The U.S. Supreme Court decision Plyler v. Doe (1982) affirms that schools cannot deny students a free public education based on their undocumented or non-citizen status or that of their parents/guardians. This foundational legal precedent ensures access to education for all students, regardless of immigration status.
All children have a right to equal access to a free public education, regardless of the immigration status of the child or their parent/guardian.
While schools may require proof of residency within the district, information about citizenship or immigration status is never needed for school enrollment.
Federal and state laws protect education records and personal information. These laws generally require written consent from parents/guardians before releasing information, unless it is for educational purposes, otherwise authorized by law, or in response to a court order or subpoena.
Some schools collect and make public “directory information” about students, such as name, address, email address, and phone number. If this is a practice, the local educational agency (LEA) must provide parents or guardians with written notice of its directory information policy and provide the option to refuse the release of their child’s information. The notice must effectively notify parents with a primary or home language other than English.
What types of information require parental consent before a school can disclose it?
Generally, school records that include personally identifiable information (PII) cannot be released without parental consent, unless it is for educational purposes, otherwise authorized by law, or in response to a court order or subpoena. Examples of PII include: a student’s or family member’s name, address, or other information that would make it possible to identify the student with reasonable certainty.
Who can provide or withhold consent to disclose information from a student’s education record?
A parent, guardian, or individual acting as a parent in the absence of a parent or guardian has the right to provide or withhold consent to release a student’s education records.
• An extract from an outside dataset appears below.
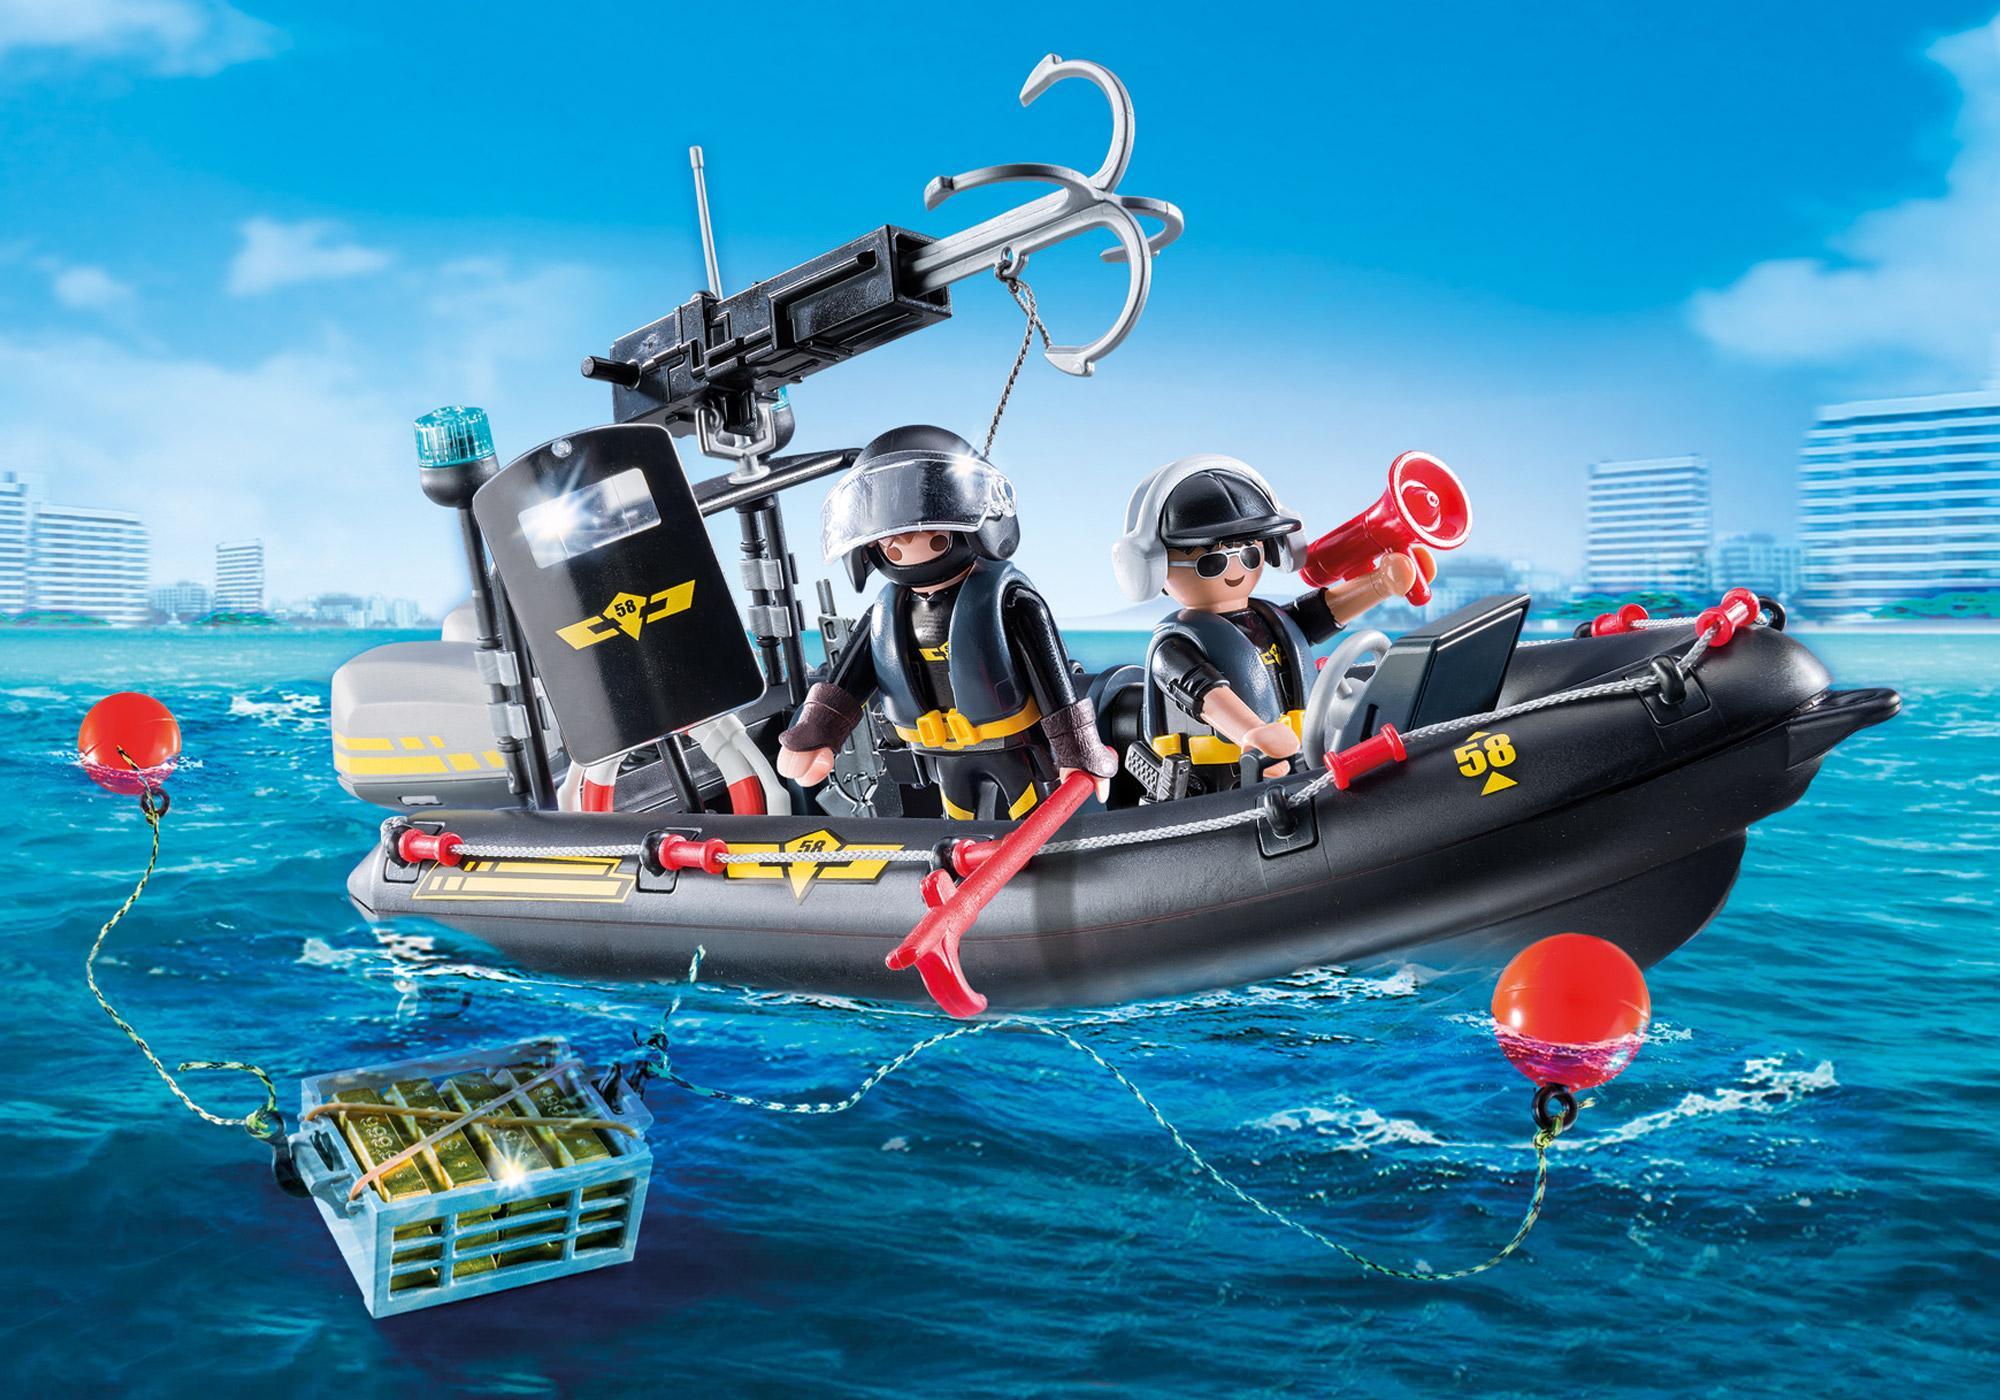 http://media.playmobil.com/i/playmobil/9362_product_detail/Gommone Unità Speciale con refurtiva

Adults providing daily care and supervision for children whose parents have been detained or deported may meet this definition of parent. LEAs should consult with legal counsel to clarify their consent policies.
Under what circumstances can students manage the disclosure of their education records?
When a student turns 18 years old, the student becomes an “eligible” student and the privacy rights of the parent transfer to the student. The eligible student can consent to disclose records, refuse to disclose records, and access their records without the consent of a parent. The law does not preclude LEAs from providing younger students with rights to manage their education records—as long as the rights given to the non-eligible student do not supersede the parent’s rights. Providing such rights to youth under age 18 may be particularly valuable when youth have become separated from their parents and guardians, such as when a parent is detained or deported. For example, “schools may use their judgment in determining whether an unaccompanied minor is responsible enough to exercise certain privileges, such as inspecting and reviewing education records and providing consent for disclosure.”
Are there exceptions to the consent requirement that allow schools to release student education records to law enforcement officers?
Yes, with limits, if the law enforcement officer provides a valid court order or lawfully issued subpoena. Parent or eligible student consent is not required to comply with a court order or subpoena, but only if the LEA makes a reasonable effort (for example, a telephone call witnessed by a third party, telegram, or registered letter) to notify the parent/guardian or the eligible student of the order or subpoena in advance of compliance so that protective action can be sought. Such efforts are not required if the court order or subpoena itself orders that the document not be disclosed. To ensure full compliance, school staff should not release student records to law enforcement without consulting with the LEA’s designated administrator or legal counsel.
Can schools release directory information about a student?
Directory information is information about students that “would not generally be considered harmful or an invasion of privacy if disclosed.” Typically, directory information includes details such as a student’s name, address, photograph, birth date, and participation in school activities. However, if a student may be undocumented, releasing such information could be harmful or an invasion of privacy. Therefore, schools should exercise caution in releasing directory information.
In addition, LEAs must provide parents with written notice of their directory information policies and the option to refuse release of their child’s information. The notice must effectively notify parents whose primary or home language is not English. Given recent fears related to potential immigration enforcement activity at schools, LEAs should consider sending all parents instructions about how to refuse the release of directory information—even if notice was provided earlier in the school year.